### WHAT YOU ARE ASKED TO DO
Type out the data exactly as given. Skip any image.

### INFORMATION SHOWN
_ _ _ _ _
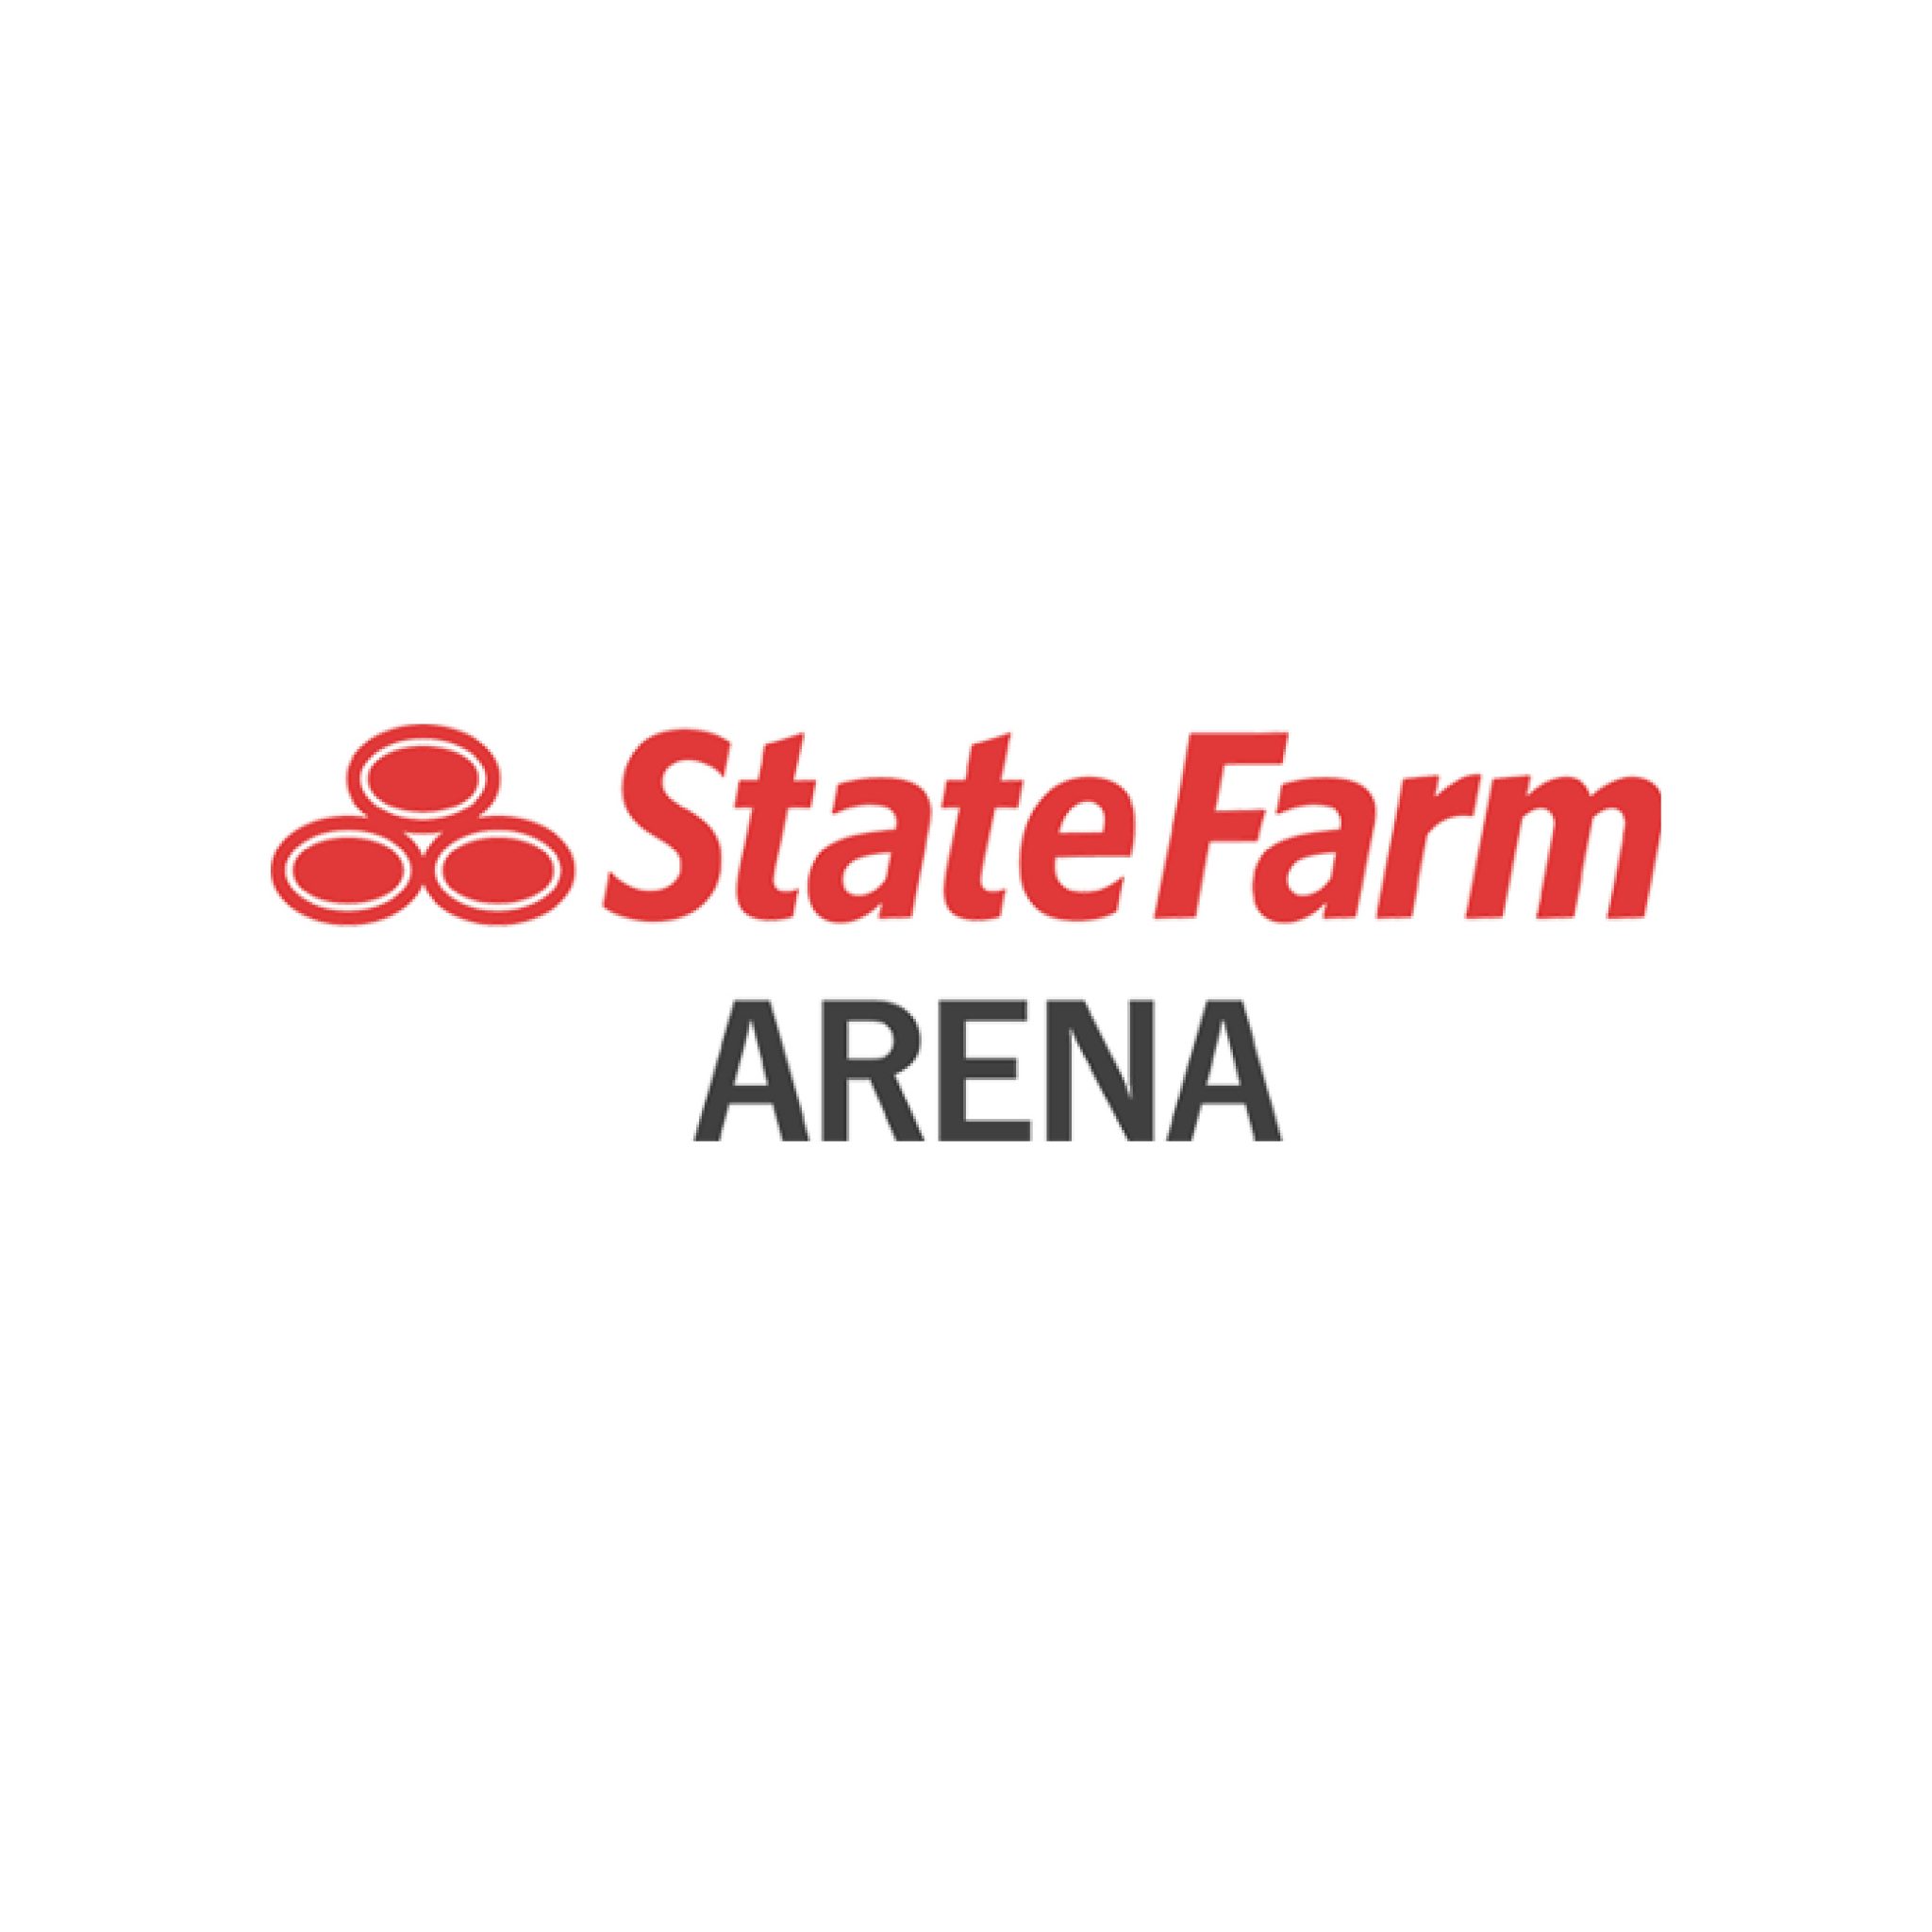 State Farm Arena Renovation - HOK
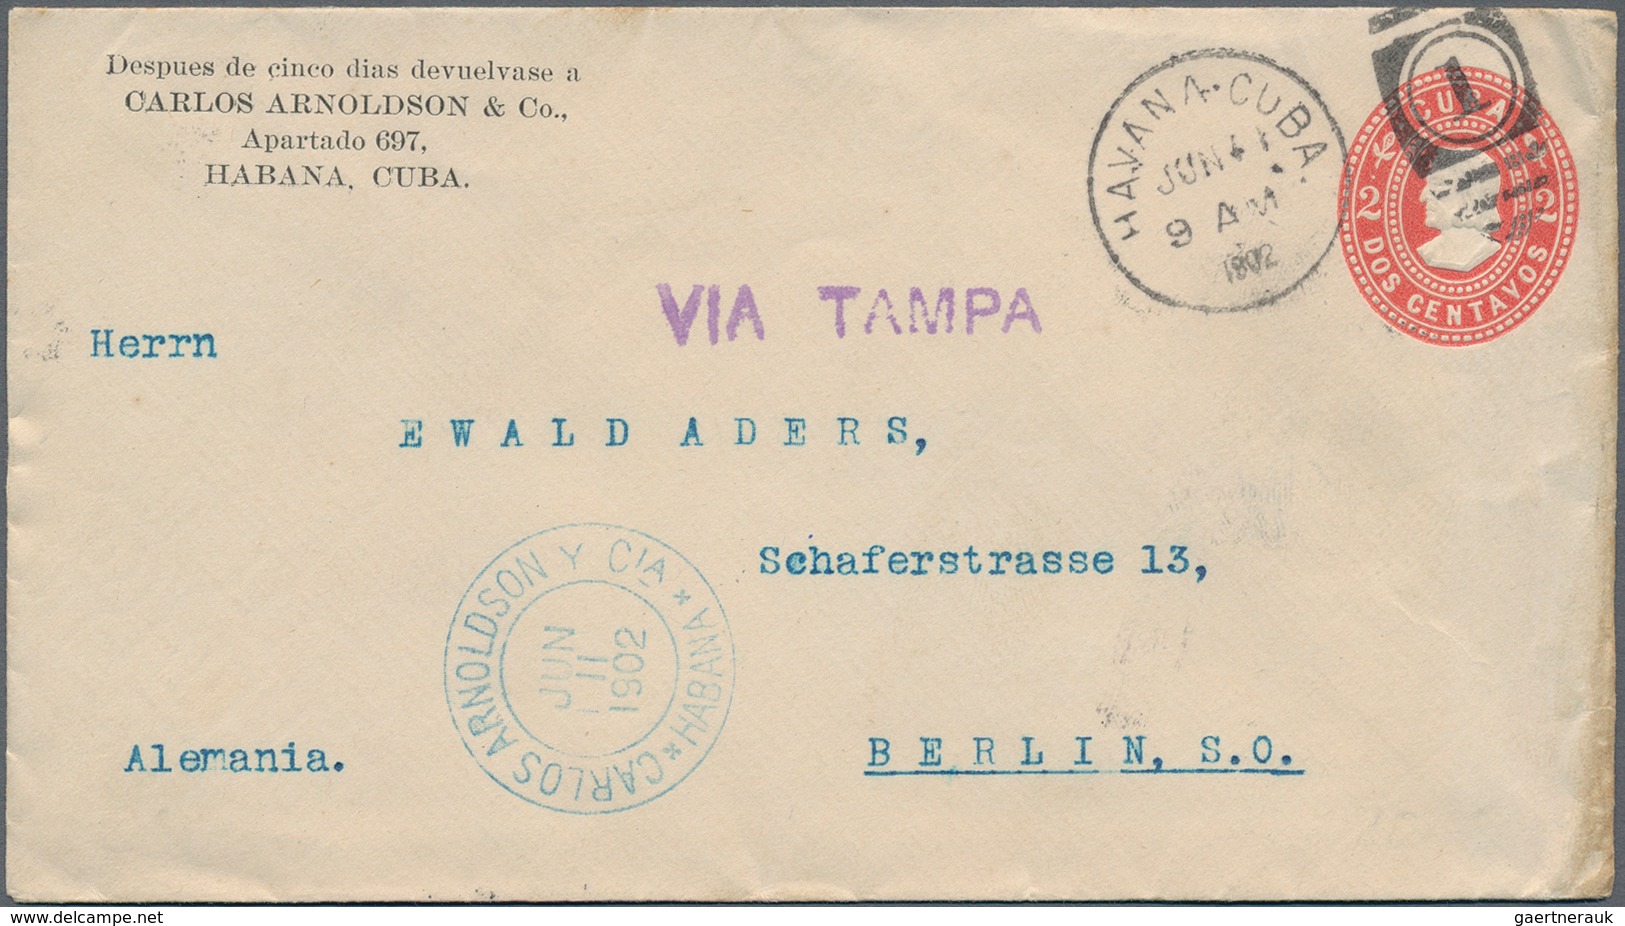 Karibik: 1908/70 (ca.), Covers/used Stationery Of Cuba (23), Dominican Republic (11), Haiti (5) And - Otros - América
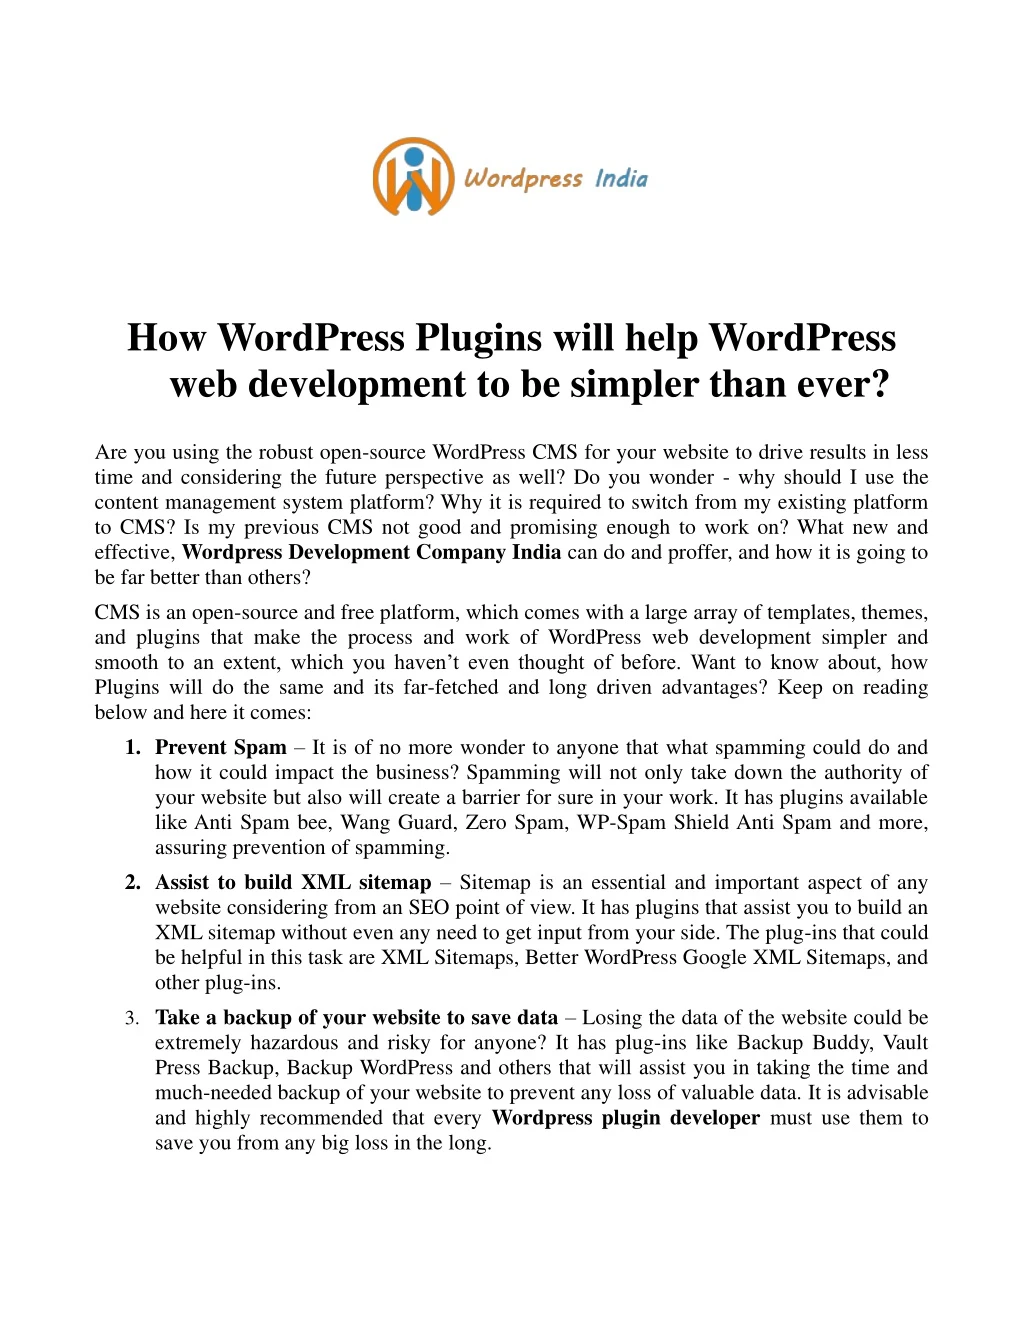 how wordpress plugins will help wordpress
_ _ _ _ _
### TASK OUTPUT
 State Farm Arena Renovation - HOK
 Karibik: 1908/70 (ca.), Covers/used Stationery Of Cuba (23), Dominican Republic (11), Haiti (5) And - Otros - América
 how wordpress plugins will help wordpress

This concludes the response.